おいしい、というよりも
嬉しいのと感謝の気持ちを込めていただく感じ
食べ物の走り~旬~名残のハナシです。
まだ9月も上旬の頃だったでしょうか。魚売り場などにサンマがひょこひょこ顔を出すようになりました。皆が喜び勇んでサンマをどんどんカゴに入れているのを前に、魚売り場担当の方が
「今のサンマは走りですからね、走り。決して旬じゃありません」
と叫んでいました。
はっとしました。
食味だけを重視すると、やっぱり旬が一番その素材にとってのベストという気がします。だけど、ここは日本人。
今の時代になっても、通年手に入る食材ばかりではありませんから、久しぶりに会うその味覚が嬉しくて、走りの時期でもつい買ってしまう、そんなこともあるでしょう。
「待ってた、待ってたよ、君を!」
とでも声をかけたくなる感じ。でも、これはきちんと旬が残っている素材に対してだけ抱く感情でしょう。
今となっては通年手に入る、トマトやたまねぎ、じゃがいも、にんじんなんかに対しては特別な感情はわきません。もちろん、春先のじゃがいもやたまねぎ、トマトに対して心が躍るということはありますが。
そして、走りに対して名残。野菜・果物に関していうと、旬を過ぎて、ベストな食味ではないものも多くなっているものの、
「今を逃したら、また1年待たないと食べられない味なんだなぁ」
と思うと、つい手を伸ばし、そしてしみじみかみしめる、という具合になるのです。
私の場合、今だったらオクラやゴーヤなどの夏野菜の典型の面々でしょうか。または、プラムの類とか。
でも、行くものあれば来るものもあるわけで。
はい、早生みかんです。
しかも、極早生。
生粋のみかん好きの方からしたら邪道なのかもしれませんが、私は早生みかんが一番好きです。皮が真っ青で、甘みよりも酸味が際立っていて、こめかみにちょっと圧力をかける感じの味が。
きゅんとしたすっぱさに心が躍ります。
皮が薄くて、ぺたりと張り付いているところを、ちょっとまじめな顔してわしわしとむいて食べるのです。

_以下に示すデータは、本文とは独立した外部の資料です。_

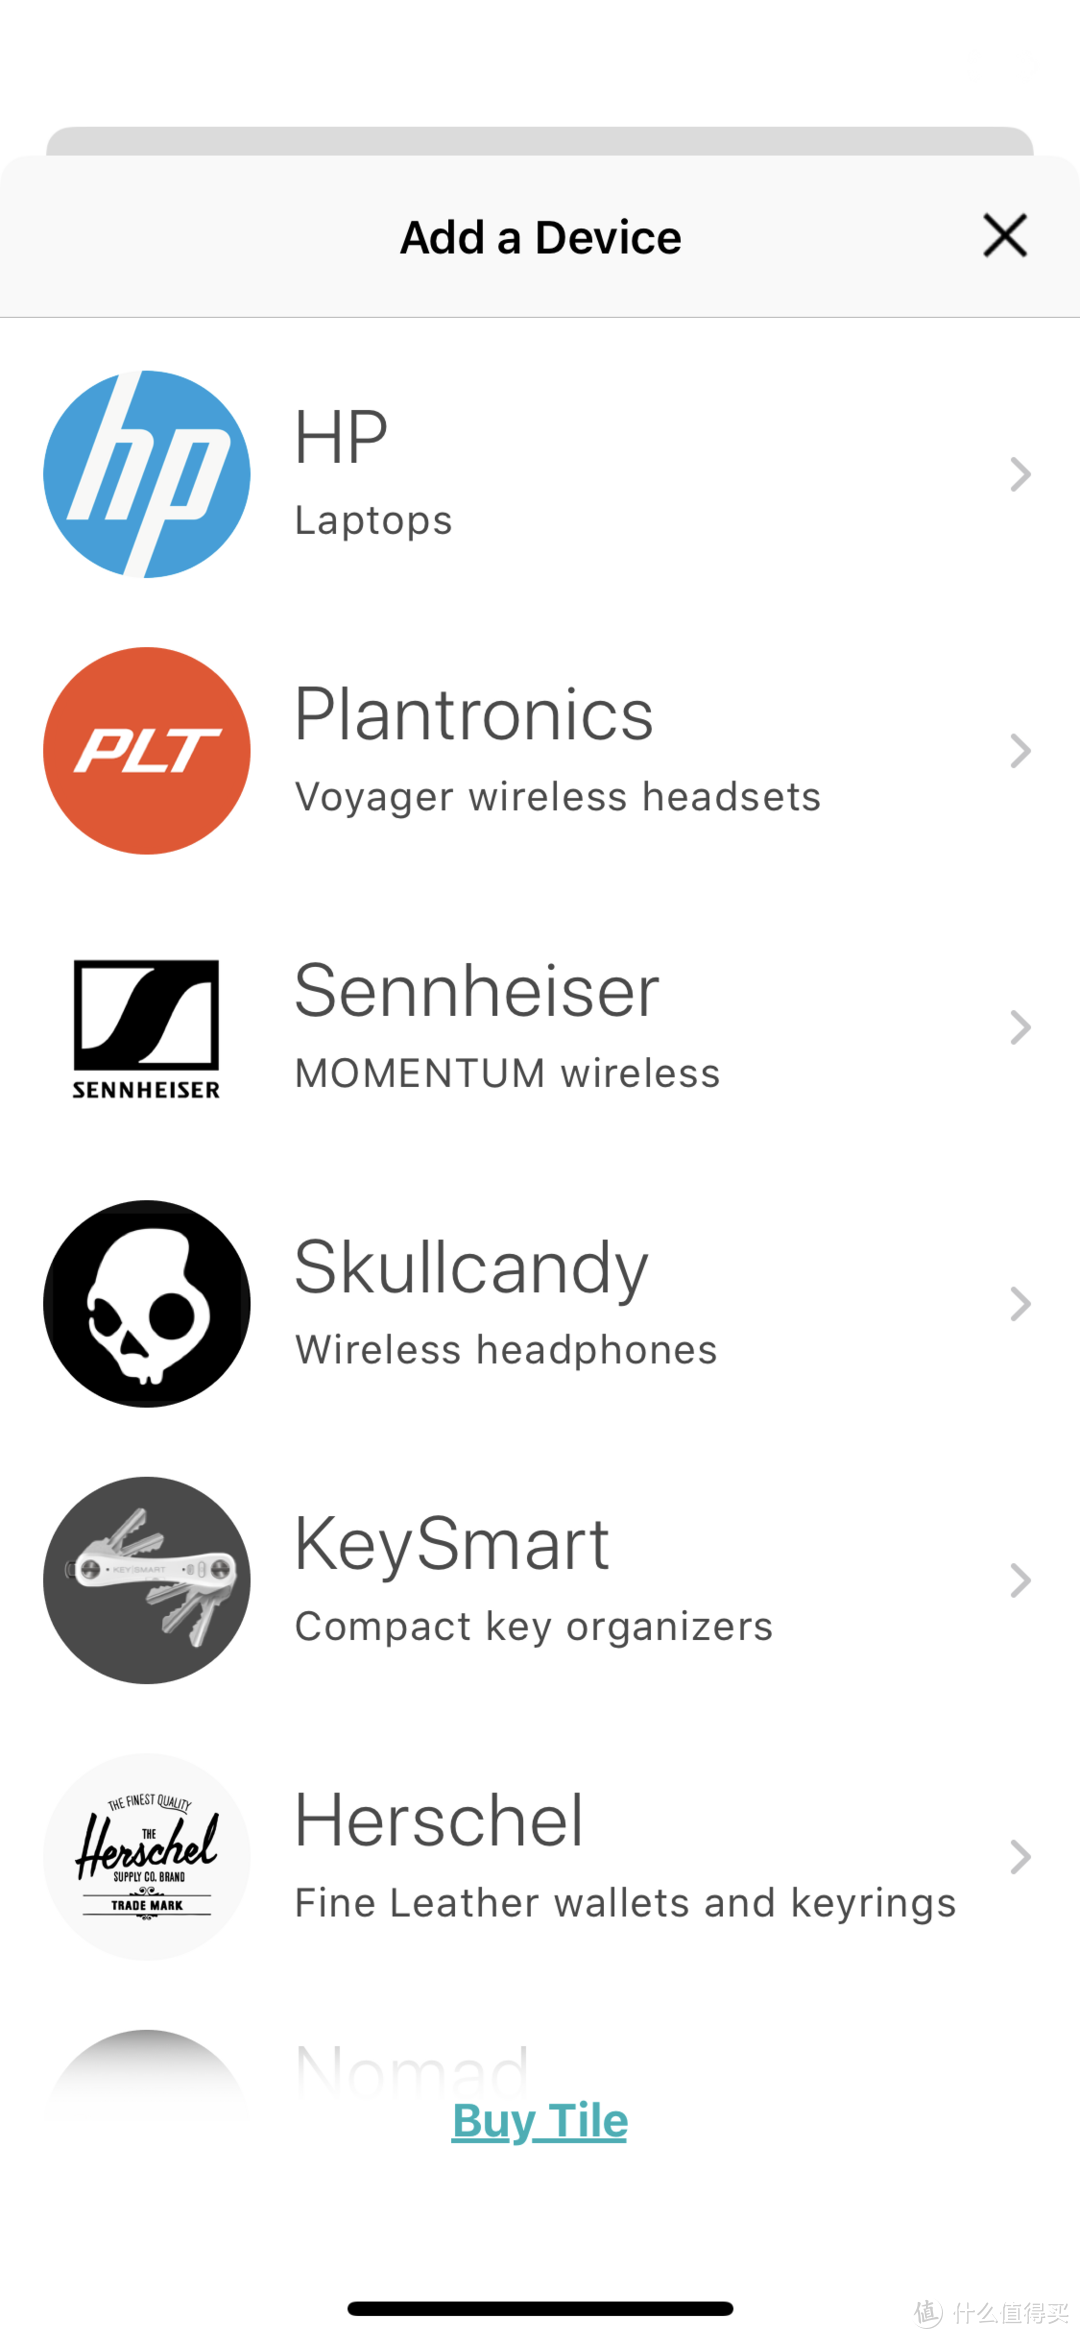 可以看到现在Tile已经不止和KeySmart合作了，还和很多时尚品牌，耳机品牌甚至是惠普电脑合作在他们的产品力嵌入Tile的定位器。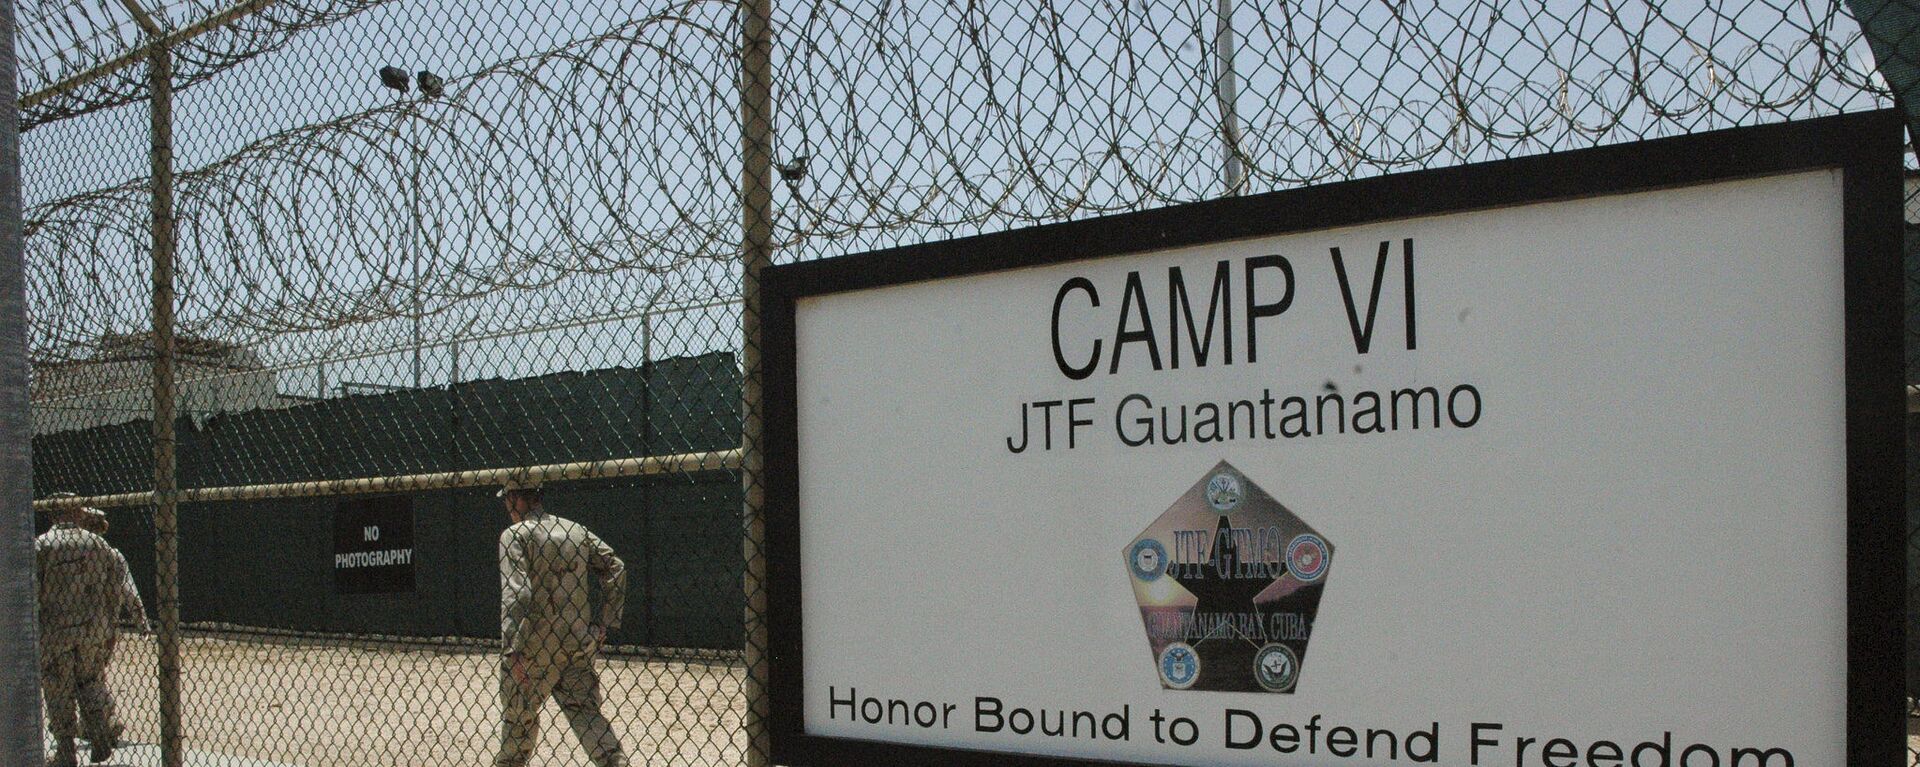 Guantanamo detention center - Sputnik Afrique, 1920, 29.09.2020

こんな具合なので、年が明けた頃の、皮がふかふかしたみかんには興味がないのです。その頃になると、別なかんきつ類に心が奪われるようになるでしょうか。
私の野菜の師は
「早生にうまいもんなし!」
と断言していましたが、みかんに関してだけ言うと、
「みかんは早生に限る!」
と、静かに反撃したくなるのです。